Unfortunately, the siege of Shikata Castle by Oda Nobukatsu's forces led to its surrender on August 10, 1578. During the surrender, it is said that the castle lord, either Teru's father or brother, committed suicide, offering himself as a hostage to spare the lives of his soldiers. In the turmoil, Teru's brother, Kusihashi Masai, was defeated. With her husband missing and the fear of her son's death, Teru endured an anxious period alone. Teru's nephew was later pardoned and served the Kuroda clan.

=== Service under Toyotomi Hideyoshi ===
In the aftermath of his imprisonment from Itami, Kanbei continued being trusted vassal of Hideyoshi, becoming instrumental in his rise and the formalization of the Toyotomi clan. Kanbei would eventually be elevated as a daimyo with a domain of 120,000 koku in Chikuzen Province. Teru, like other daimyos' wives and children, moved to Osaka castle.

=== Sekigahara campaign (1600) ===
In anticipation of the Battle of Sekigahara, Ishida Mitsunari detained the daimyo's family as political hostages.
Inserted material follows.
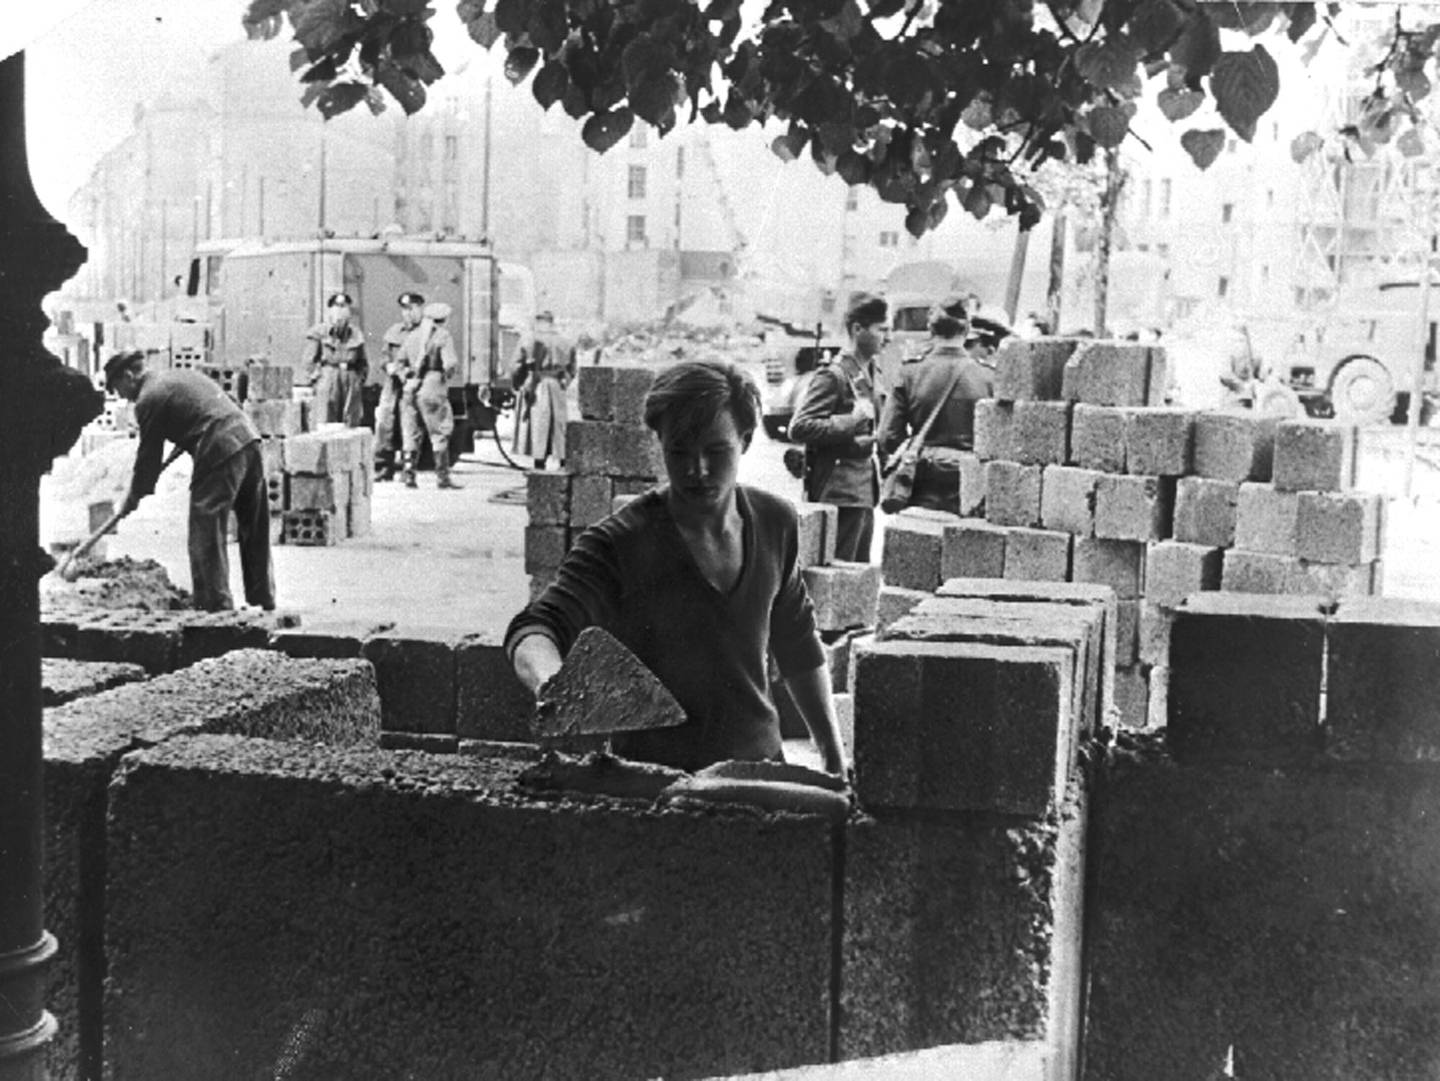 Bildet er fra de første delene av Berlinmuren ble bygd 13. august 1961. En person smører mørtel på betongblokken for å gjøre klar for neste høyde med mur. Foto: Peter Hillebrecht / AP / NTB

In an effort to compel the Daimyos to align with their cause, Mitsunari's forces endeavored to abduct numerous family members of Daimyos who were present at Osaka. As a result, Hosokawa Gracia, the wife of Hosokawa Tadaoki, chose to end her own life. In the chaos that followed Gracia's death, and with the help of Toshiyasu Kuriyama, Tahei Mori, and other retainers, Teruhime was able to hide and escape. Teru and her family were rescued by Kanbei's retainers and escaped by boat to Nakatsu Castle.

=== Later life and death ===
Following her husband's death in 1604, Teru became a devout Pure Land Buddhist, entering the priesthood of the Jōdo-shū sect and establishing Eiko-in (later destroyed by fire). She also founded a sub-temple called Shōfuku-in at Hotoku-ji in Kyoto, which was later merged with the main temple due to relocation (though the graveyard remains). Her portrait, passed down through generations, is currently held at the Kyoto National Museum.
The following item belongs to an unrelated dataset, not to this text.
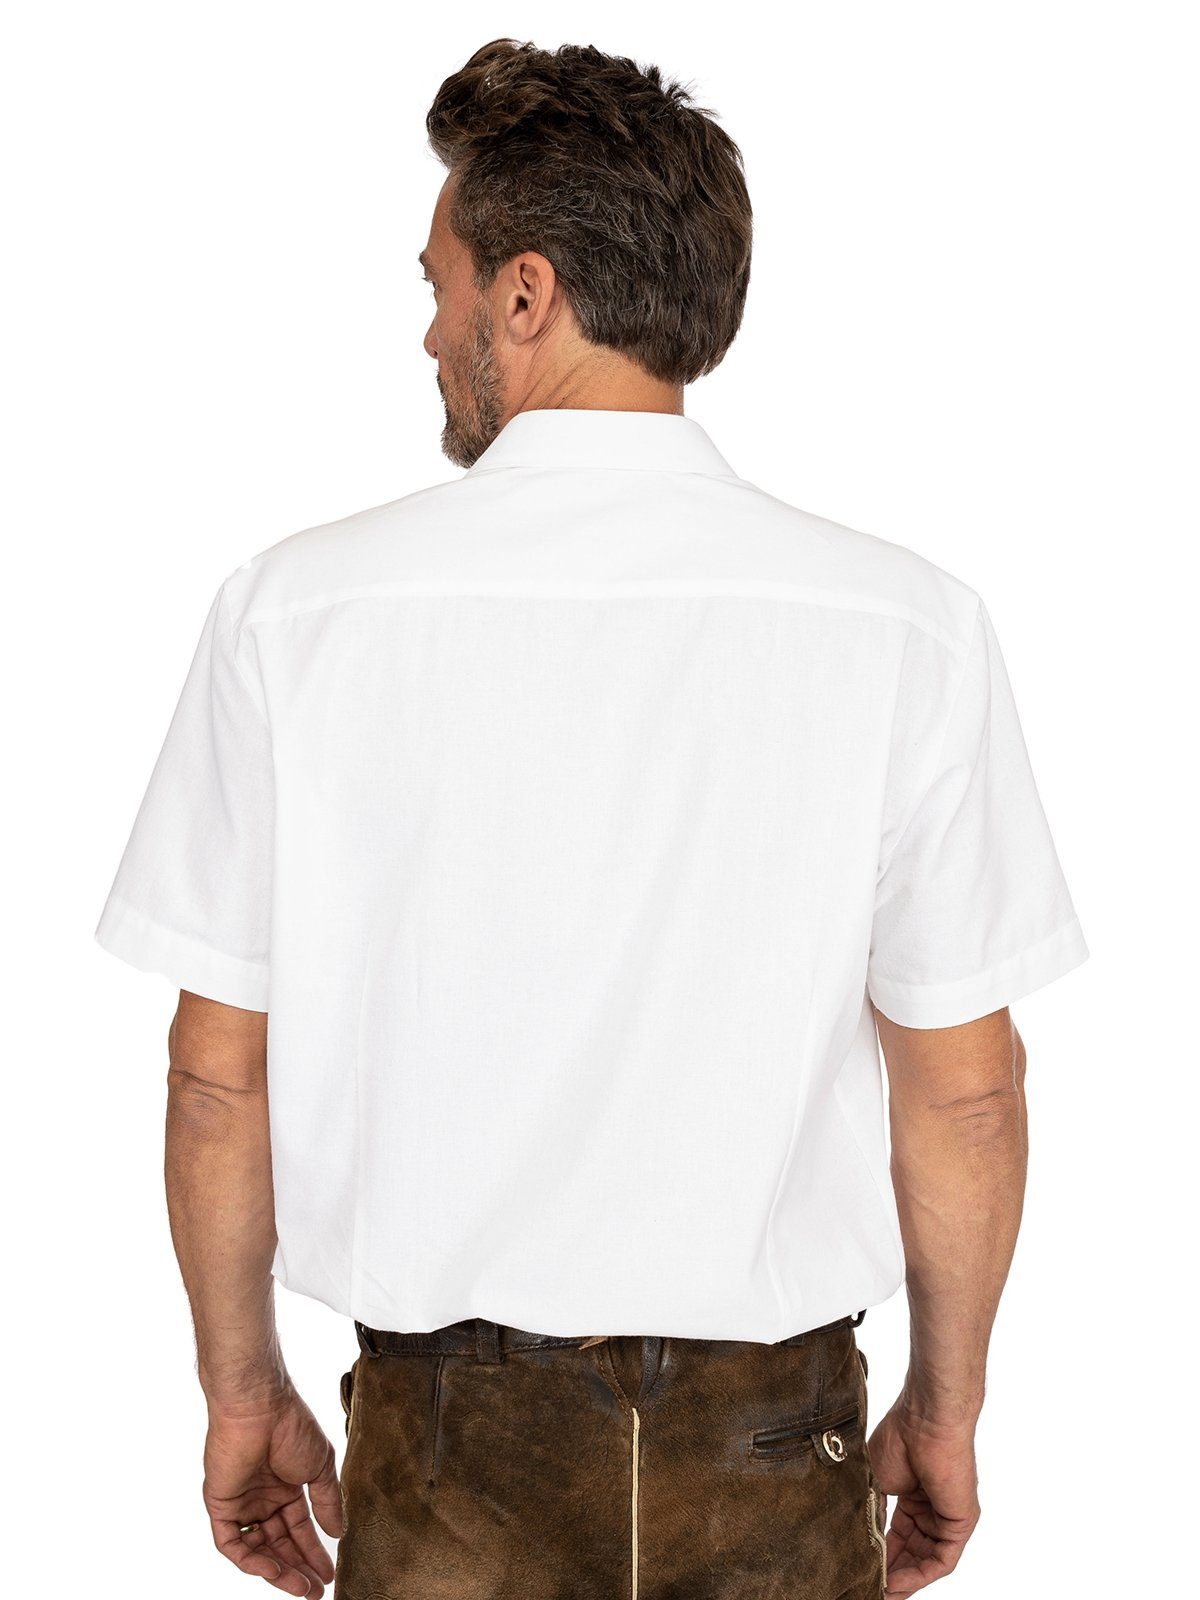 OS-Trachten Trachtenhemd Fit) CHIEMSEE Kurzarmhemd weiß (Slim

Teru died in 1627 in Chikuzen Province, Fukuoka. Her posthumous Buddhist name is "Shōfuku-in Denyo Kōe Daini-kō." Her graves can be found at Hotoku-ji (Kyoto), Sūfuku-ji (Fukuoka), and Eiko-in (Fukuoka).

== In popular culture ==

Teru is among the main characters of Gunshi Kanbei, the 53rd Taiga drama portraying the life of his husband. Miki Nakatani portrays her from young adulthood to her twilight years.